The challenge of course is that CenturyLink has to follow through with these share repurchases. At this point, investors have to take the company’s word. If it delivers, CenturyLink would retire nearly 9% of their diluted share count over the next two years. This is significant and shouldn’t be overlooked.

In the end, CenturyLink is trying to pay a competitive dividend, repurchase shares, and maintain a strong balance sheet. If you look at the company’s debt-to-equity ratio of 1, the company actually has one of the strongest balance sheet’s in the industry. Only AT&T has a better debt-to-equity ratio at 0.60. The remaining companies have ratios of 1.23 at Verizon, 1.93 at Frontier, and 6.31 at Windstream.

The Bottom Line
Investors don’t seem to like the news, but in the long run it’s the right thing to do. CenturyLink should retire a significant amount of shares in the next two years, while still paying a competitive dividend. After today’s drop, the new yield is almost 6.7%. While this falls behind Frontier at 8.89%, Frontier isn’t buying back $2 billion in shares. Windstream’s over 10% yield is likely the next to fall, due to the company’s high free cash flow payout and highly leveraged balance sheet.

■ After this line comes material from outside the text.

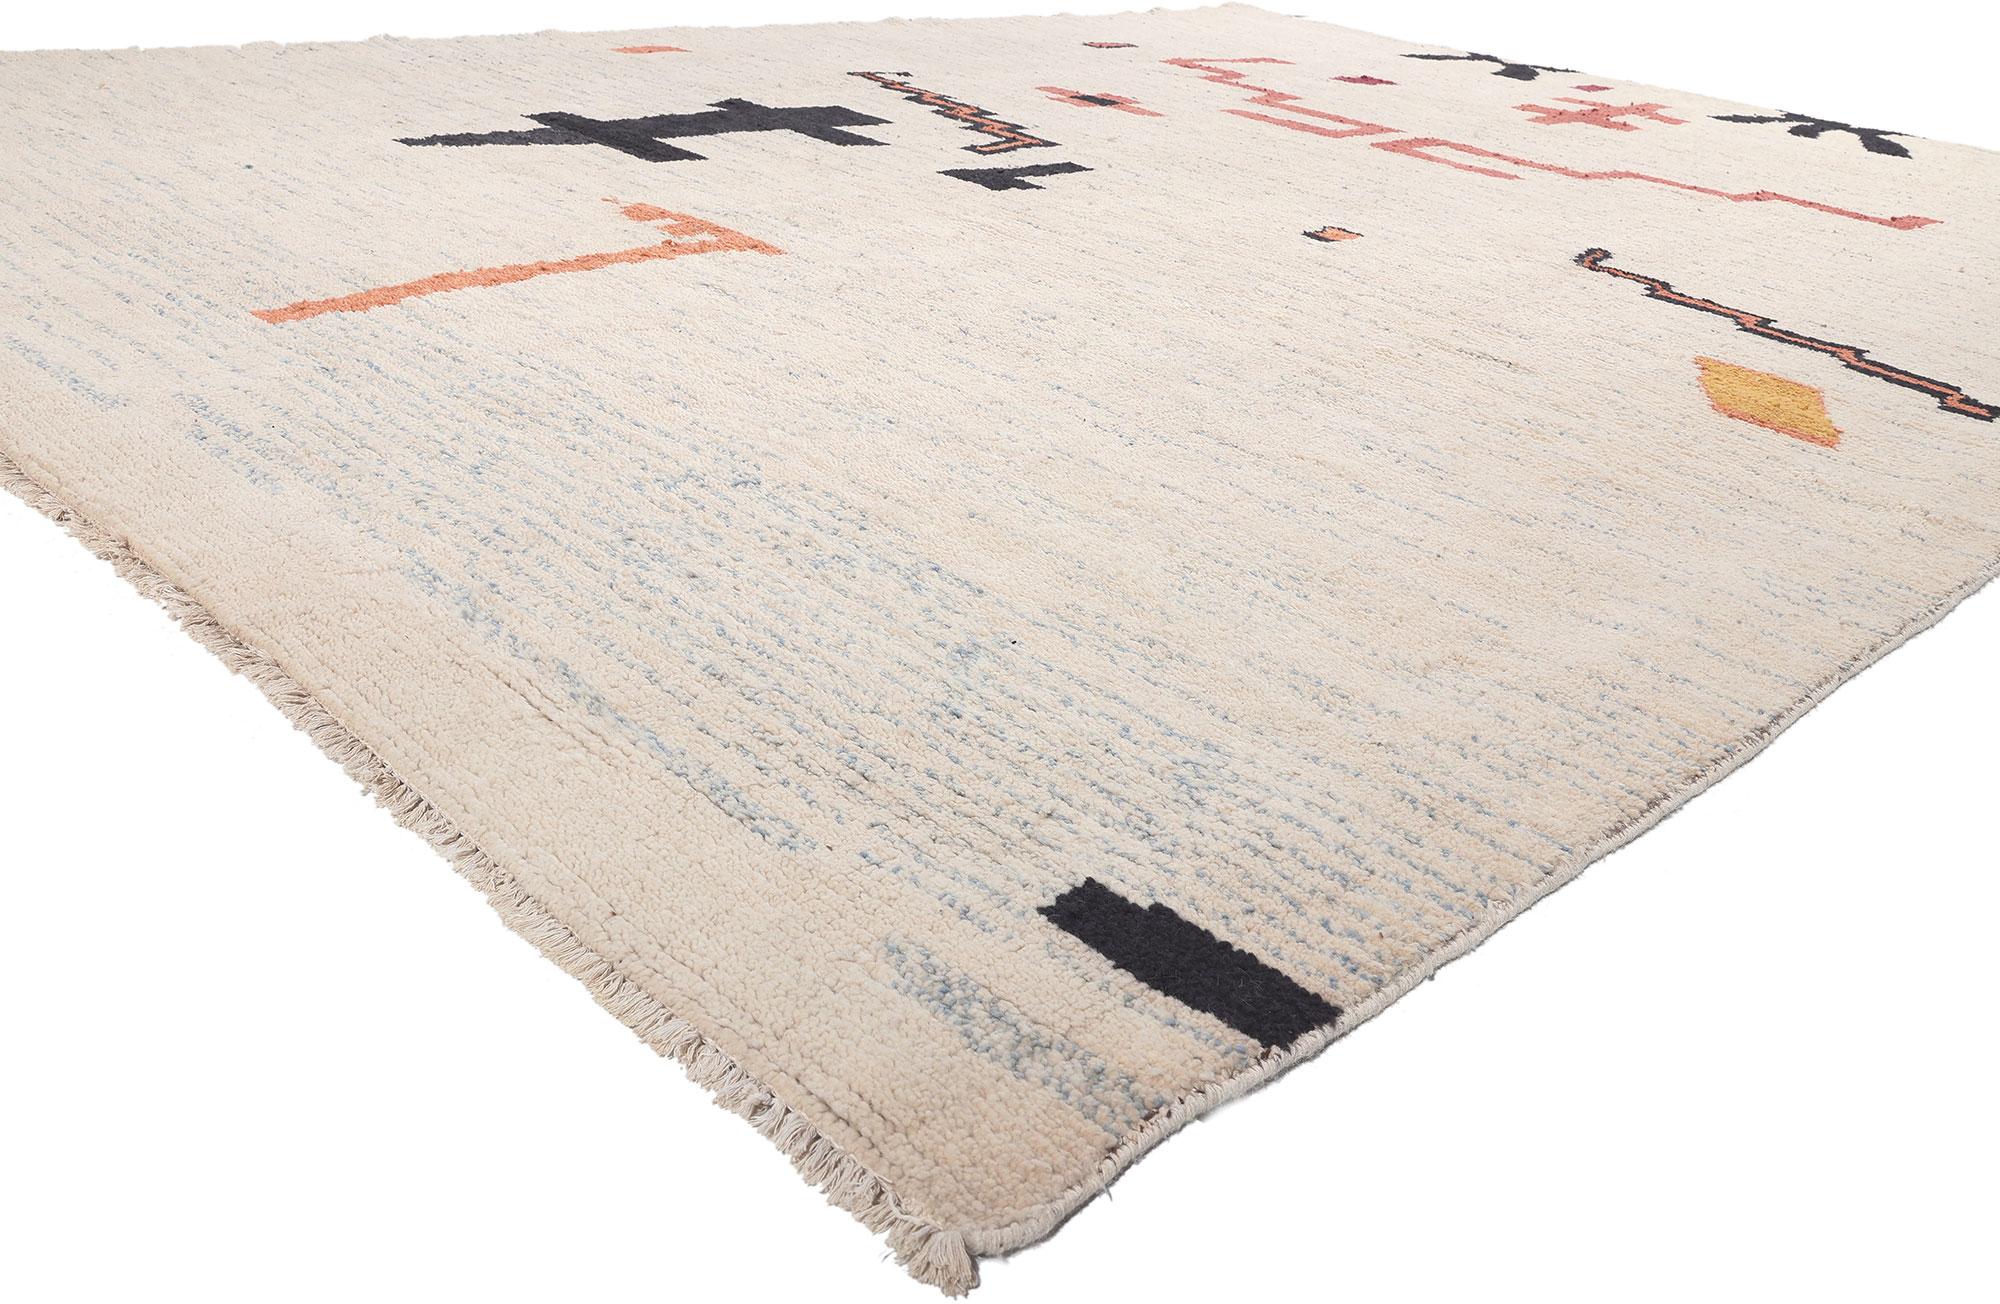 81012 Modern Moroccan Rug, 10'04 x 13'11. Emanating nomadic charm with incredible detail and texture, this modern Moroccan area rug will take on a curated lived-in look that feels timeless while imparting a sense of warmth and welcomed informality.

If investors want to buy shares in a company and not worry about the dividend, either AT&T or Verizon would fit the bill. While A&T’s yield of 5.1% and Verizon’s yield of 4.6% don’t get the same attention as the local telecoms., investors can rest easy that their yields will grow over time.

The bottom line is that CenturyLink’s plan is unpopular right now, but the share repurchases should put a floor under the stock, and improve earnings per share. For investors like myself that bought prior to the cut, we are still sitting on a pretty nice yield. This new strategy isn’t the terrible news that everyone seems to think it is.